§ **SUPPLIED DATA**:
--
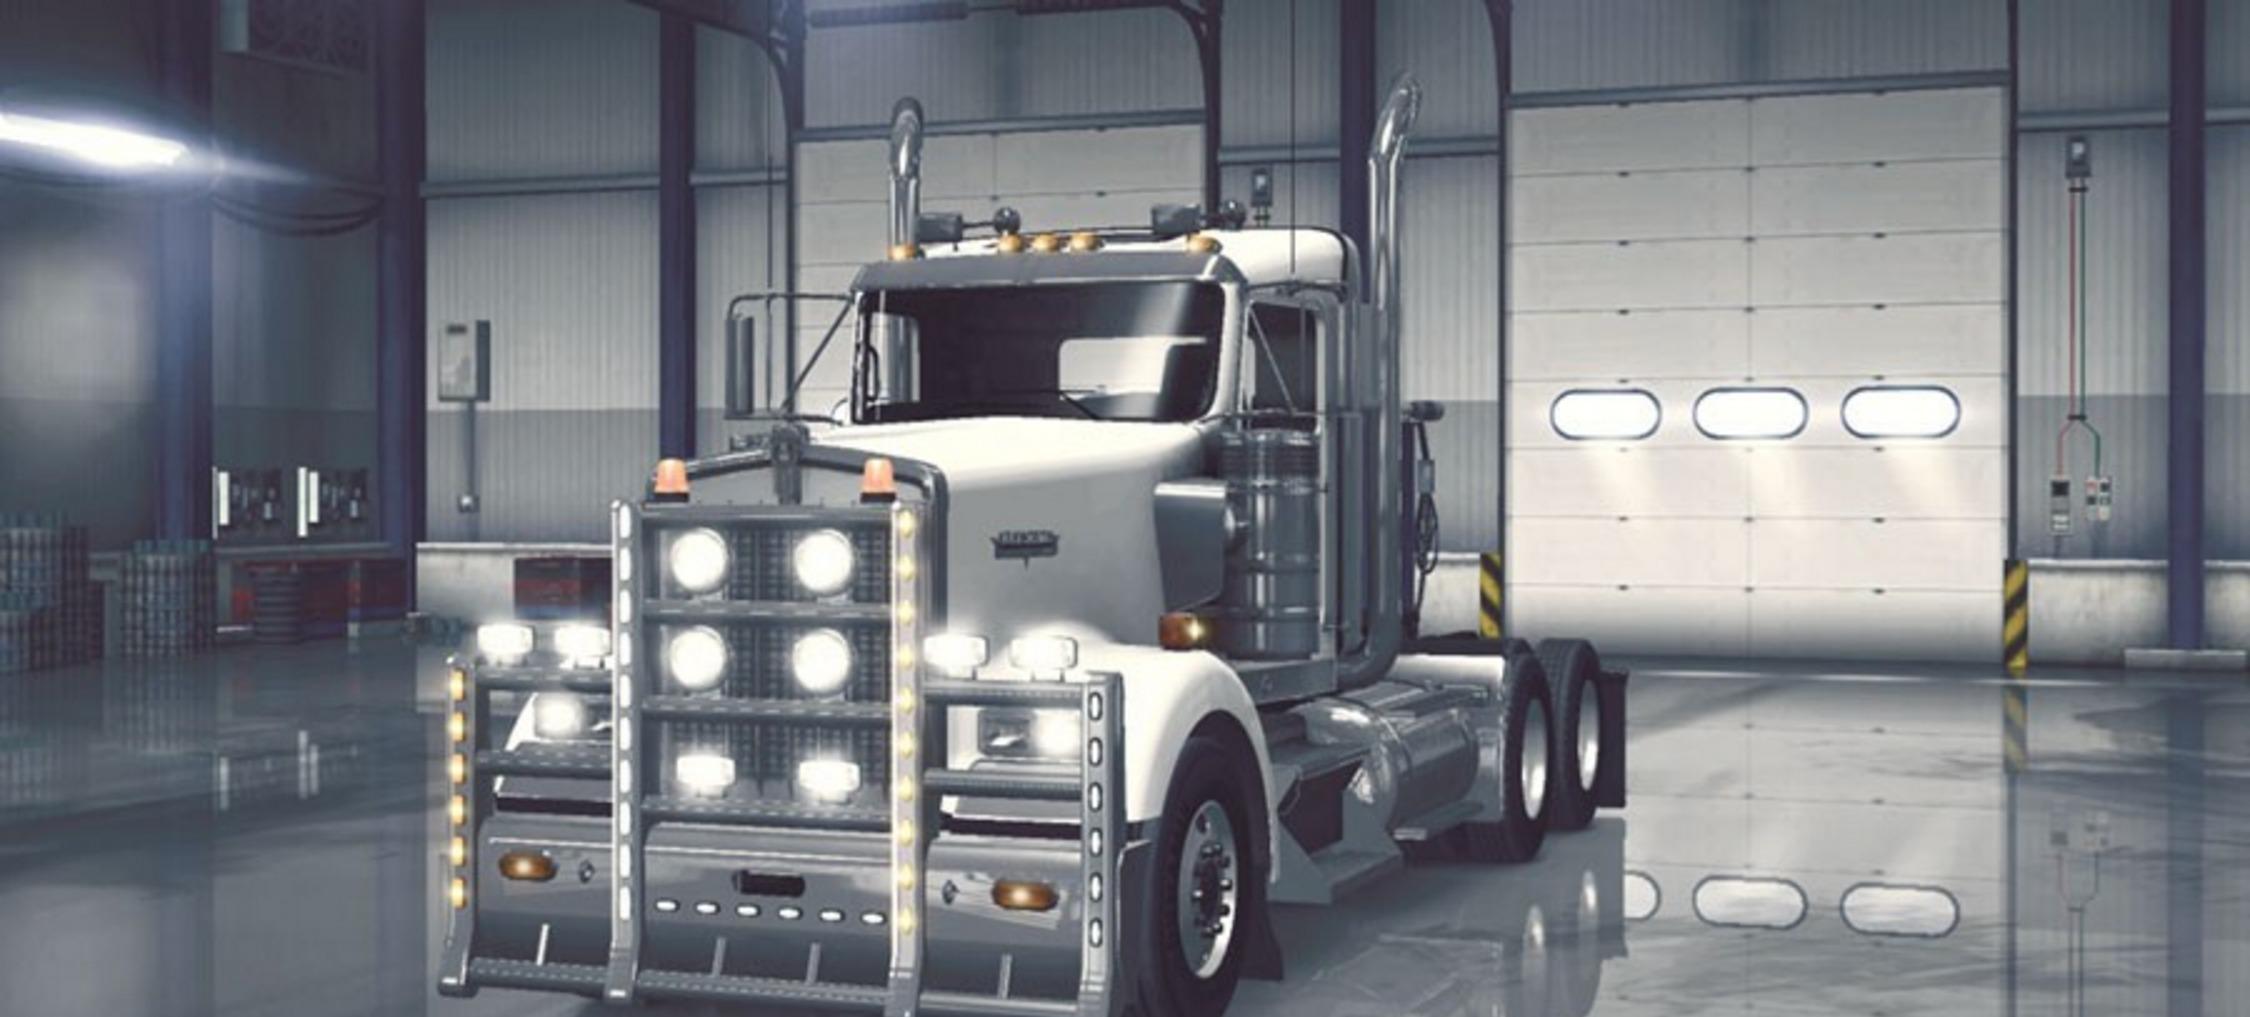 Truck Accessories v 1.1 ATS -Euro Truck Simulator 2 Mods
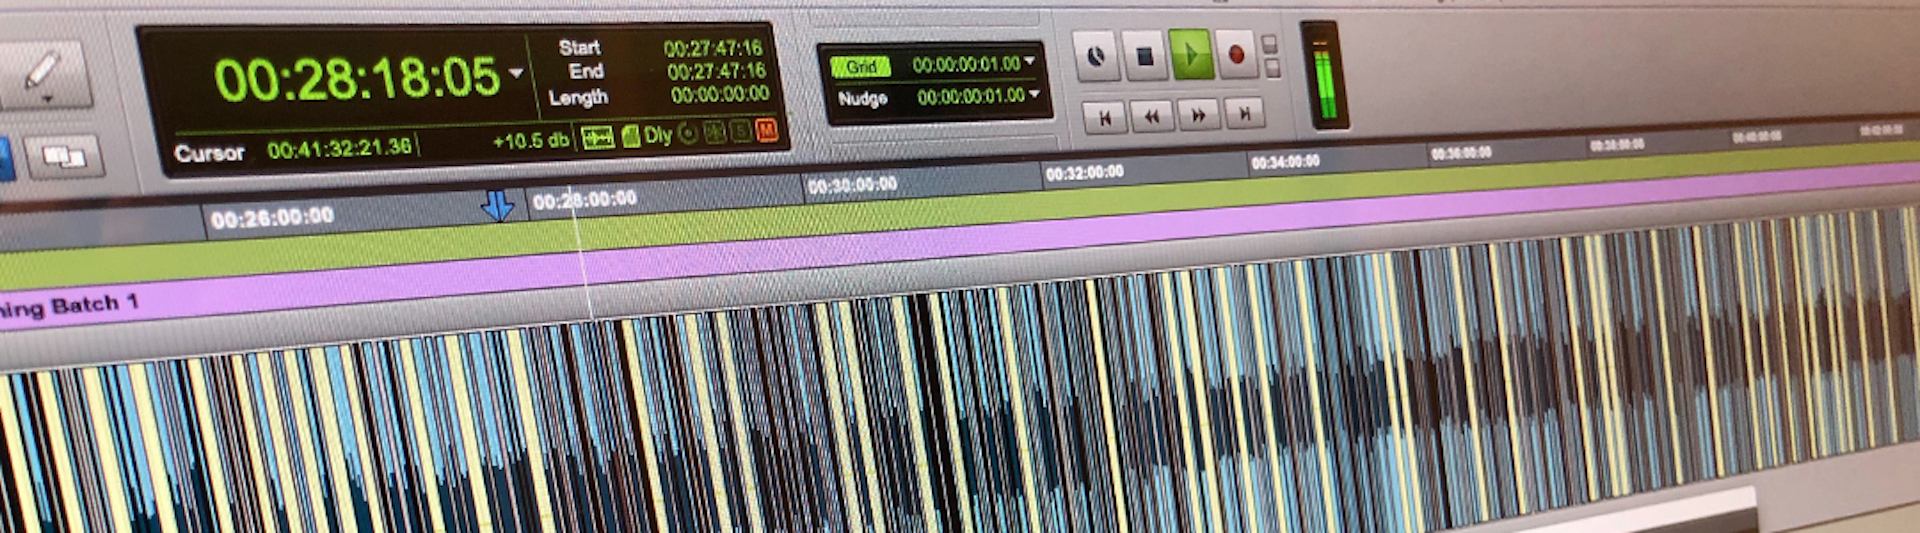 ProTools e-learning recording editing software
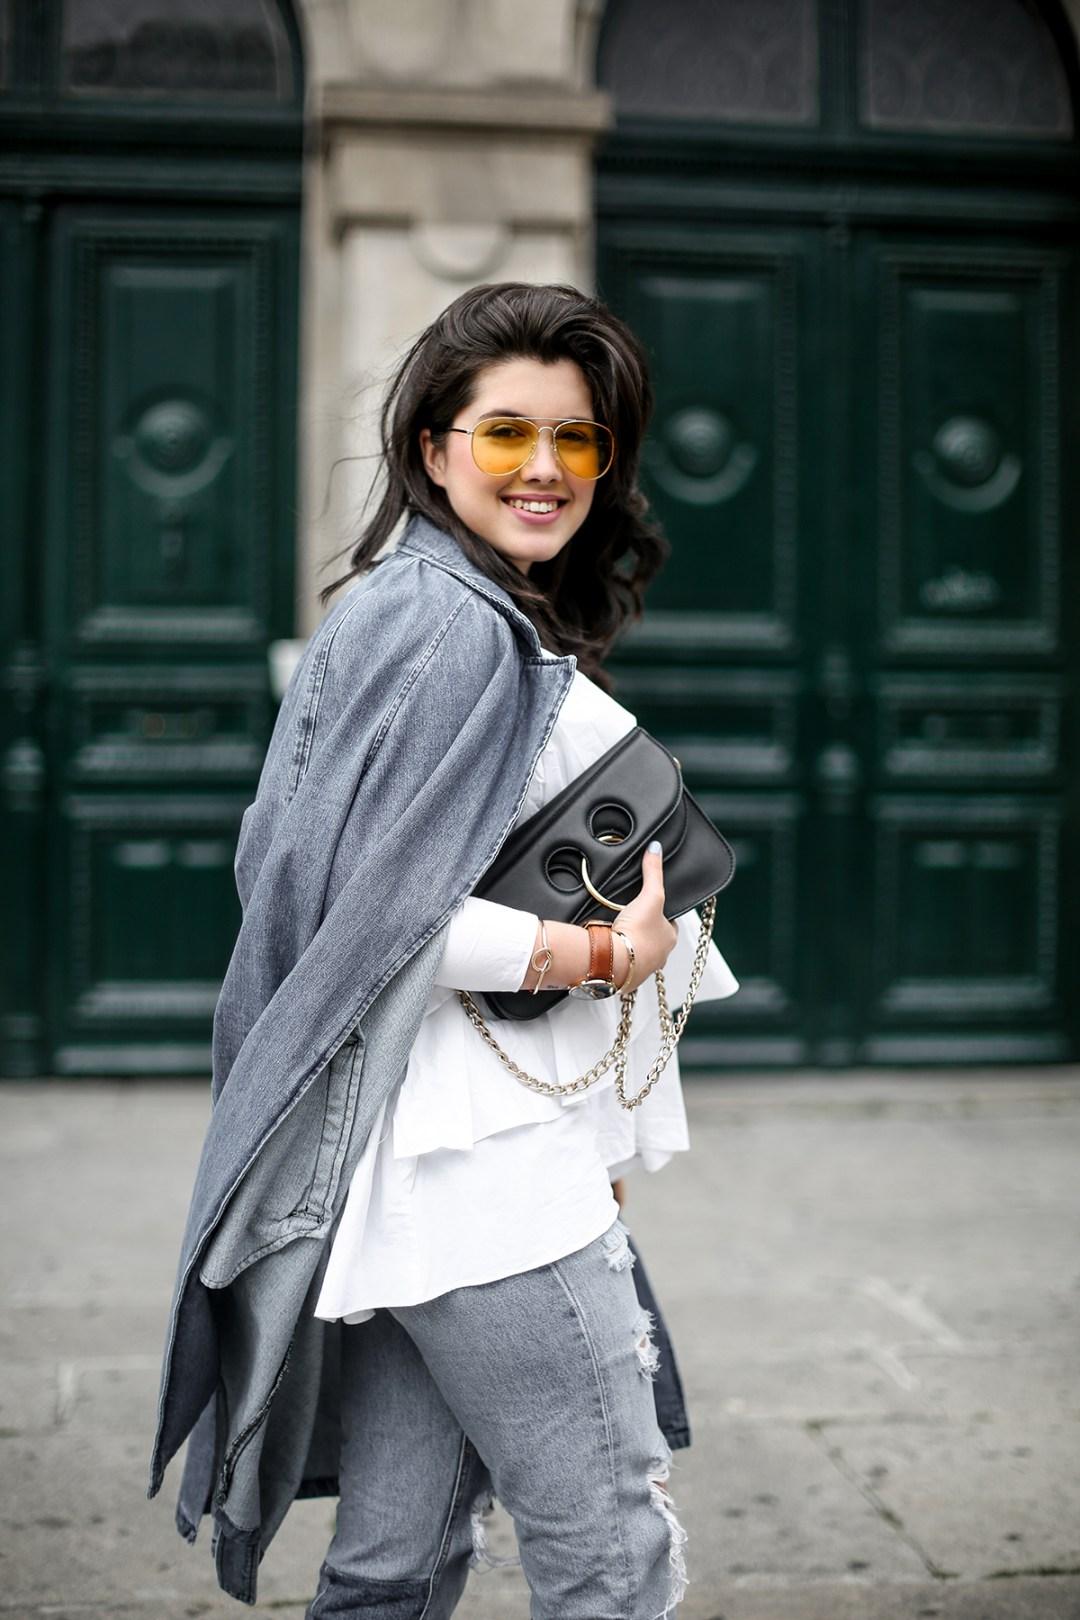 trench-denim-ripped-jeans-ruffle-blouse-zara-streetstyle3
--
Your reply should consist solely of the lines from the line containing "ProTools e-learning recording" through the last line of the listing, unchanged and free of pictures.

§ **RESPONSE BELOW**:
 ProTools e-learning recording editing software
 trench-denim-ripped-jeans-ruffle-blouse-zara-streetstyle3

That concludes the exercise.